For your first question of whether using the binary is faster that compiling from the source code, may I suggest that you profile it? Things could behave differently on different devices, with different drivers, and even with different compiler options (such as -cl-opt-disable). When creating a program from binary, the driver won't have to parse the source code, generate the machine code, optimize it, etc., so it should be faster. Still, profile it.
For your second question on how to generate and load the binary, the following is the exact sequence of OpenCL calls that I use (on Windows) to generate, save, and load the binary, which seems to match what you're doing.
clCreateProgramWithSource()
clBuildProgram()
clGetProgramInfo(...CL_PROGRAM_BINARY_SIZES...)
clGetProgramInfo(...CL_PROGRAM_BINARIES...)
save this to disc
load the binary from disc
clCreateProgramWithBinary()
clBuildProgram()
and off we go with clCreateKernel() and so on.

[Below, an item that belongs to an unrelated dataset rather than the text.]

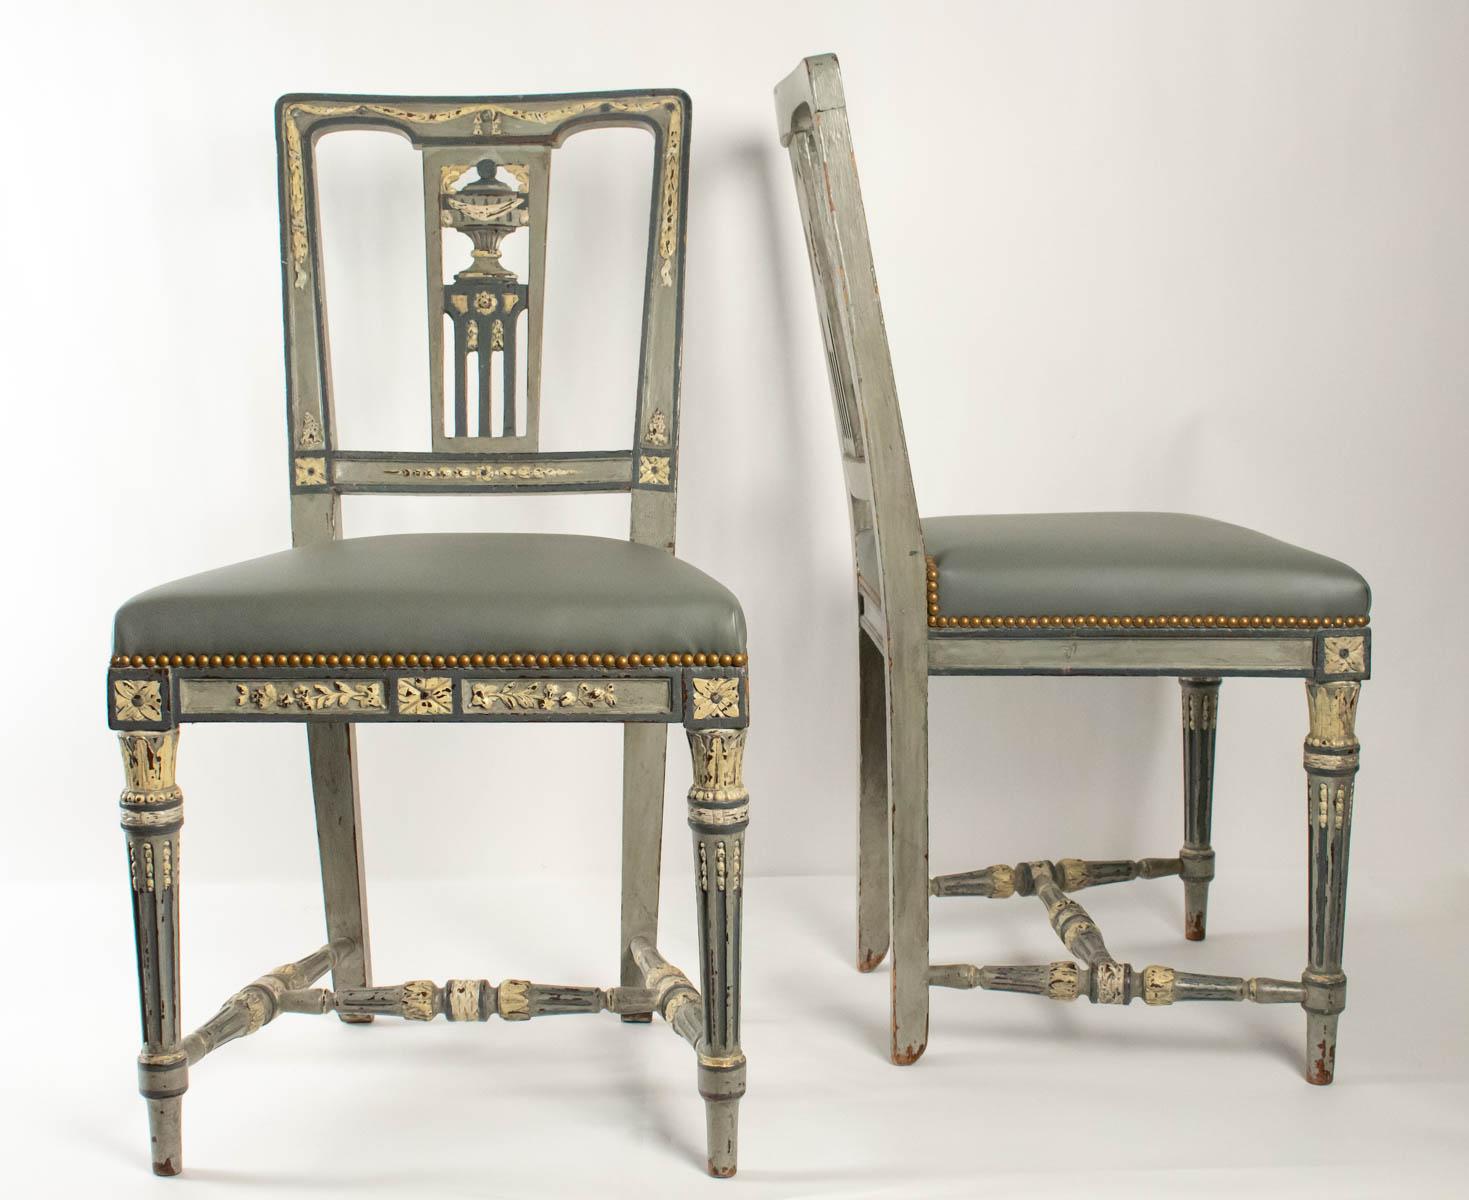 Pair Of Chairs Louis XVI Style From The 19th Century, Antiquity 2

Please note that this generates an ELF within an ELF binary, which is an ELF with multiple sections, and one section will have an an ELF with the actual machine code in it. The 'real' binary that you've mentioned will be in one of those sections. Also note that the compiled code will be specific to your device (or multiple devices). This is to say that when I create a binary for, say, R290x that I use most of the time, it won't run on later generations of GPUs, such as Fiji or Vega, because the instruction encoding has changed.
Finally, for compiling OpenCL source code to binary offline and using it later, may I suggest that you try ROCm, if your platform and business constraints allow it? You can find more info about it at https://gpuopen.com/compute-product/rocm/ . With ROCm, if your constraints allow you to use it, you can definitely compile your code to a standalone binary which can be later loaded and dealt with as any other binary.